Procedure after cutting into or repairing existing mains. The procedures outlined in this section apply primarily when mains are wholly or partially dewatered. Leaks or breaks that are repaired with clamping devices while the mains remain full of water under pressure require no disinfection.

(1) 

Trench treatment. When an old line is opened, either by accident or by design, the excavation will likely be wet and badly contaminated from nearby sewers. Liberal quantities of hypochlorite applied to open trench areas will lessen the danger from such pollution. Tablets have the advantage in such a situation because they dissolve slowly and continue to release hypochlorite as water is pumped from the excavation.

(2) 

Main disinfection.

(a) 

Swabbing and flushing. The following procedure is considered as a minimum that may be used.

[1] 

Swabbing with hypochlorite solution. The interior of all pipe and fittings used in making the repair (particularly couplings and tapping sleeves) shall be swabbed with a 1% hypochlorite solution before they are installed.

[2] 

Flushing. Thorough flushing is the most practical means of removing contamination introduced during repairs. If valving and hydrant locations permit, flushing from both directions is recommended.
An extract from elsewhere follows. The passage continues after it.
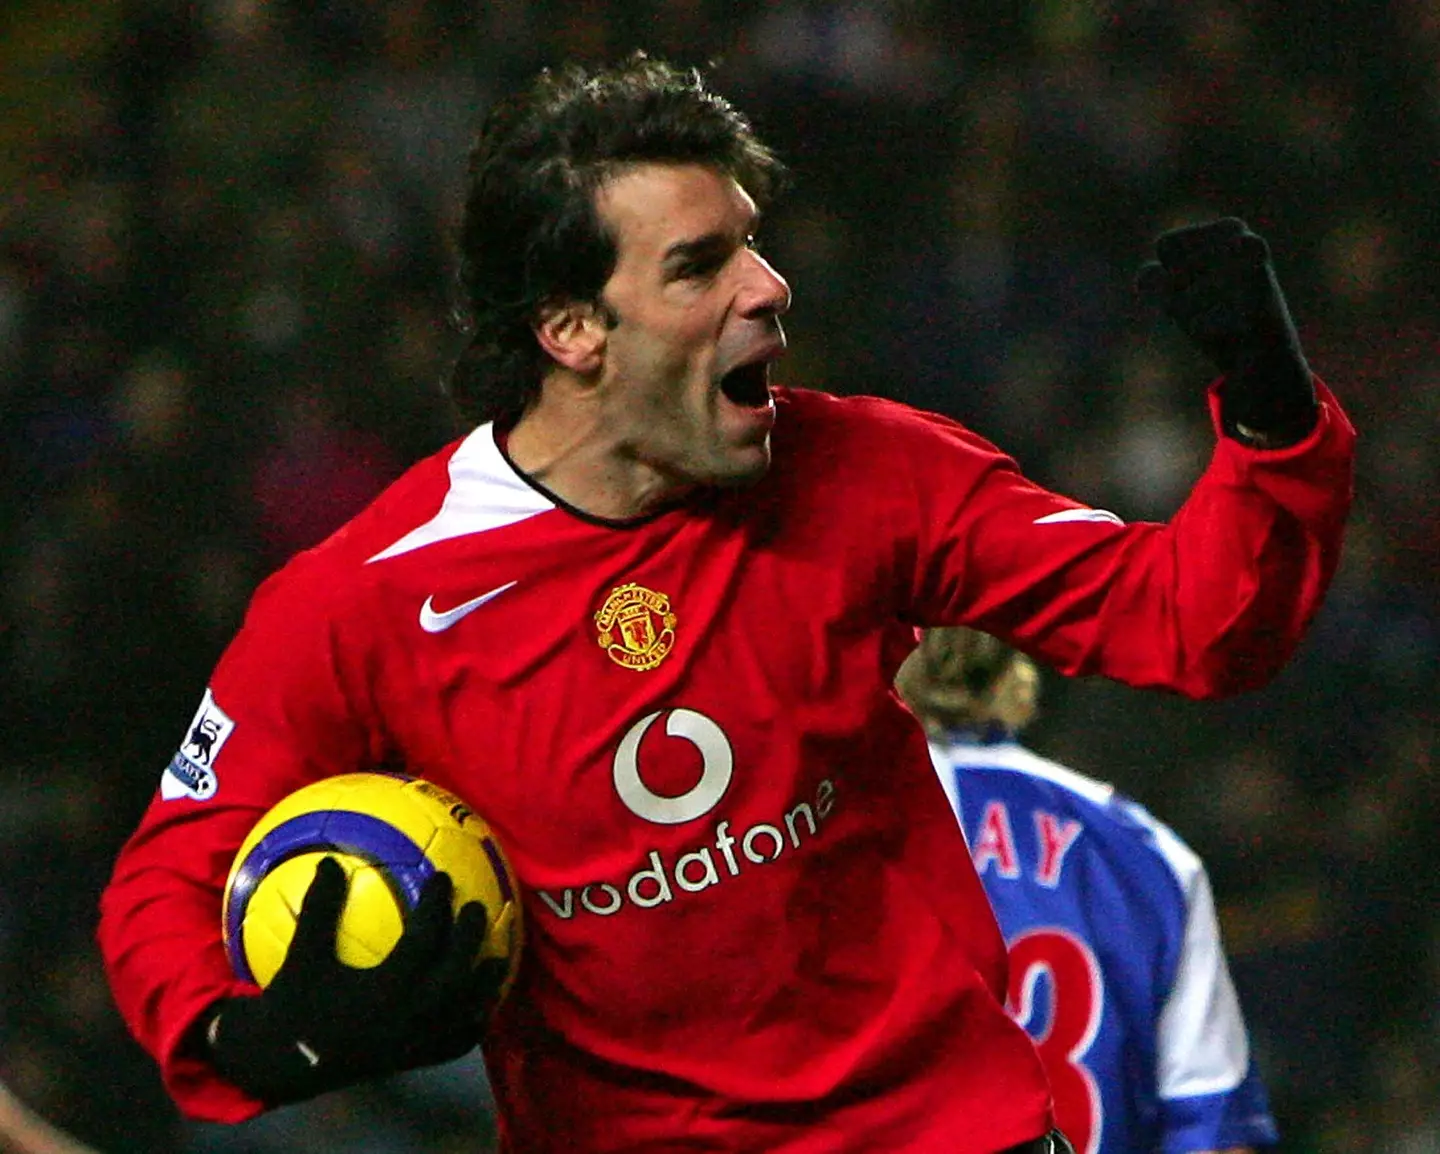 Ruud van Nistelrooy celebrates scoring a goal for Manchester United. Image: Alamy

Flushing shall be started as soon as the repairs are completed and continued until discolored water is eliminated.

(b) 

Slug method. Where practicable, in addition to the procedures of swabbing and flushing, a section of main in which the break is located shall be isolated, all service connections shut off and the section flushed and chlorinated as described, except that the dose may be increased to as much as 300 milligrams per liter and the contact time reduced to as little as 1/4 hour. After chlorination, flushing shall be resumed and continued until discolored water is eliminated.

(3) 

Sampling. Bacteriologic samples shall be taken after repairs to provide a record by which the effectiveness of the procedures used can be determined. If the direction of flow is unknown, samples shall be taken on each side of the main break.